» **Collected material**:

========

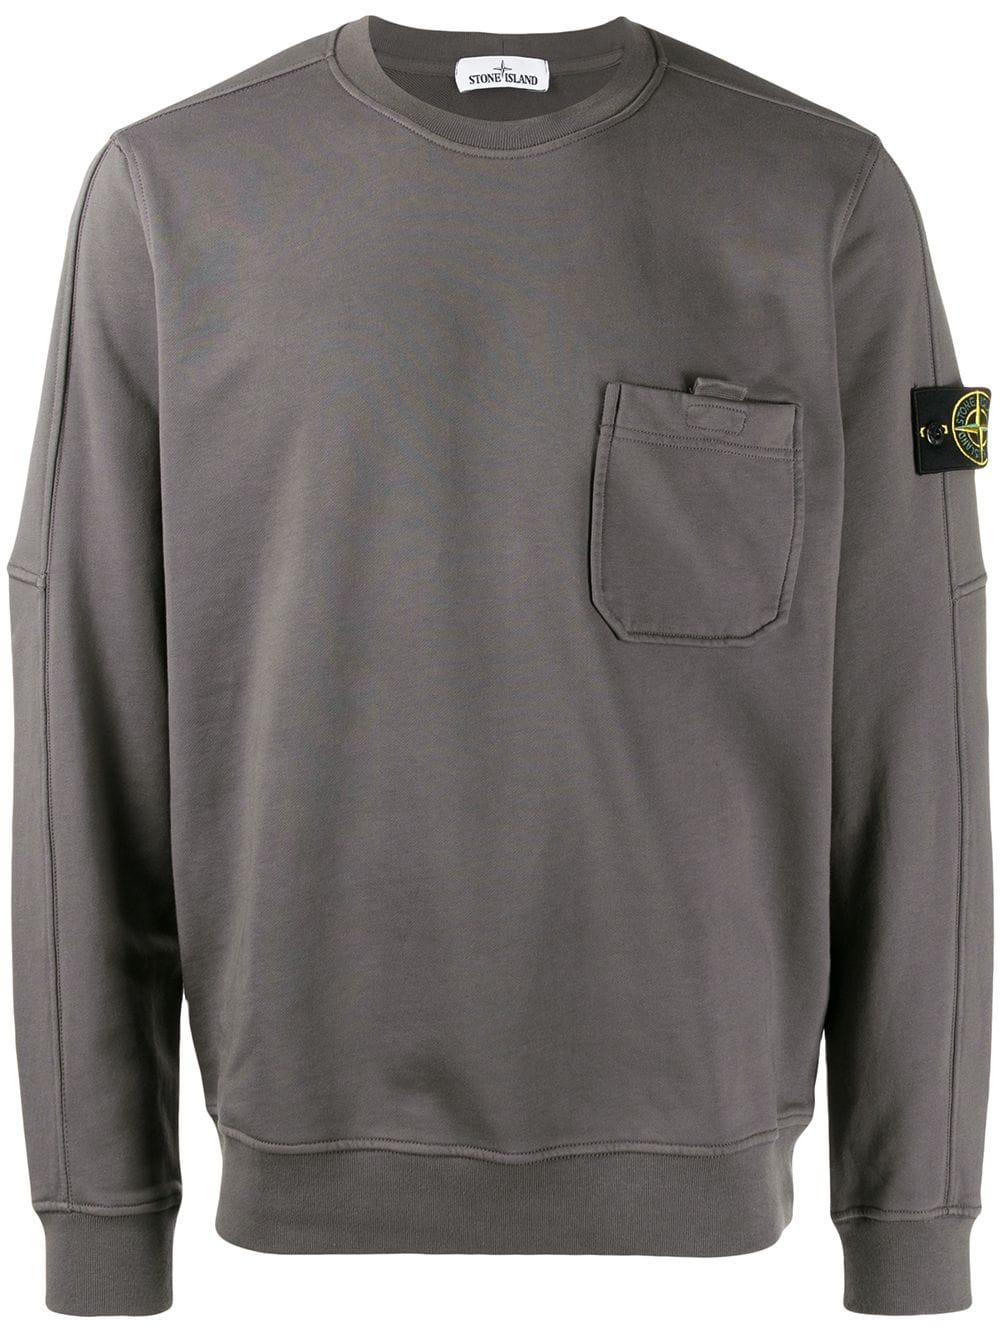 Stone Island Chest Pocket Sweatshirt In Grey Modesens Pocket Sweatshirt Sweatshirts Stone Island
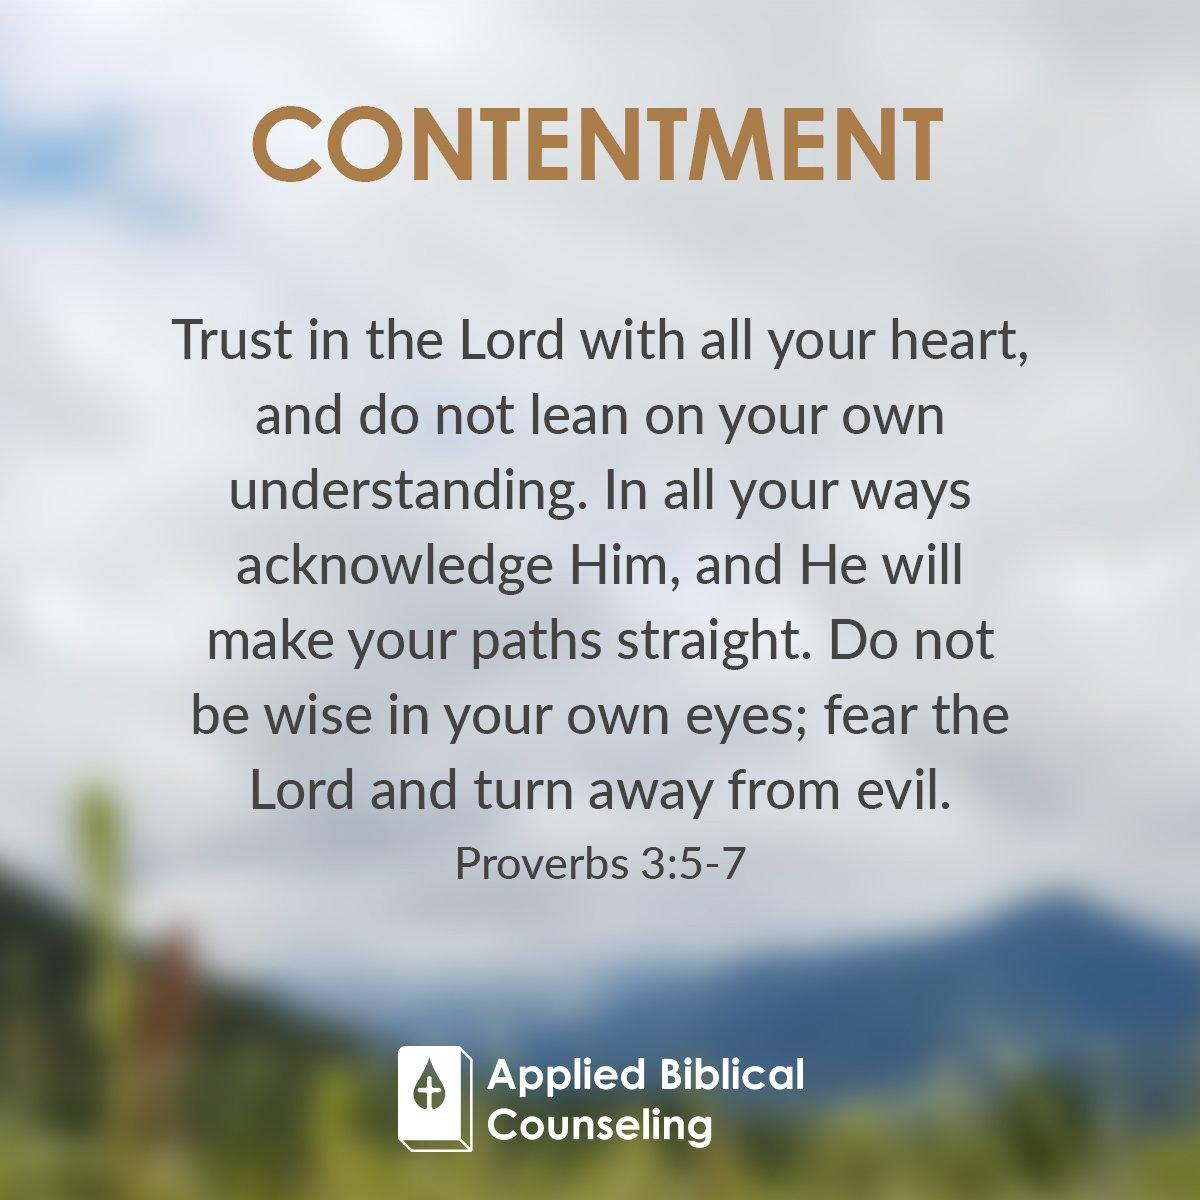 Contentment 5
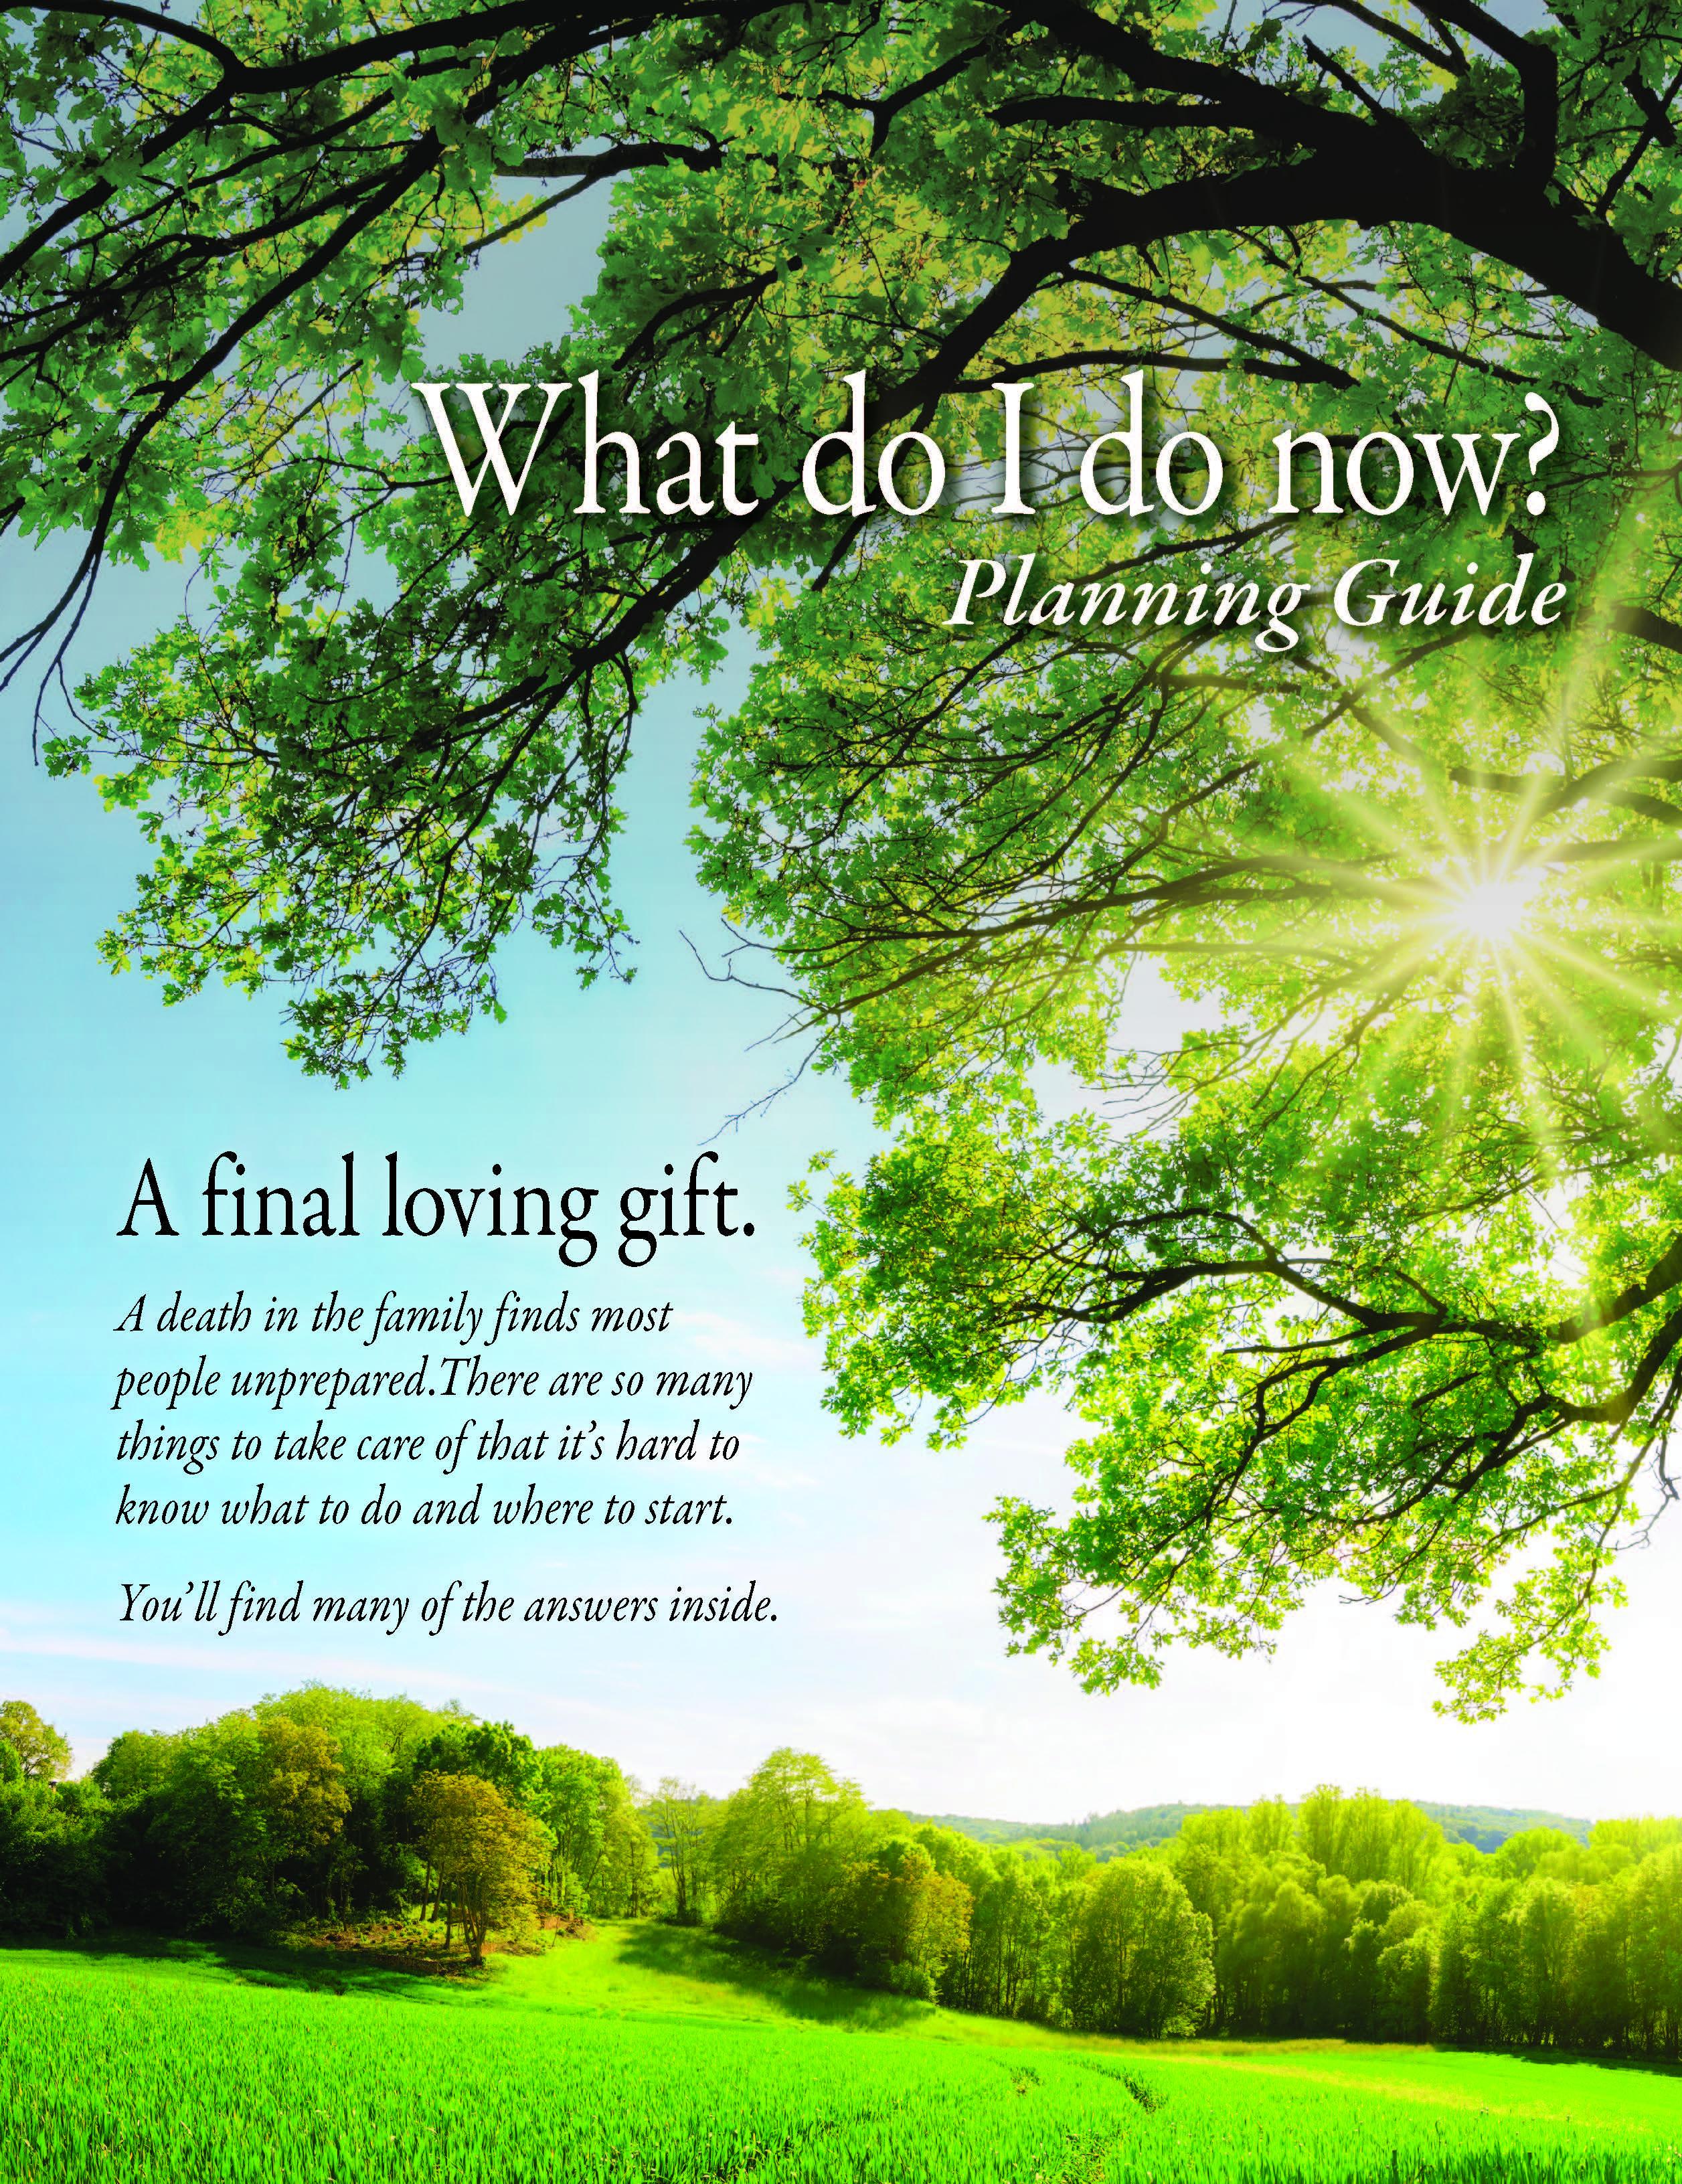 Planning Guide - What do I do now? (Blue Sky)

========

» **Directions**: Your response should reproduce the entire listing verbatim, minus the pictures.

» **Solution for this task**:
 Stone Island Chest Pocket Sweatshirt In Grey Modesens Pocket Sweatshirt Sweatshirts Stone Island
 Contentment 5
 Planning Guide - What do I do now? (Blue Sky)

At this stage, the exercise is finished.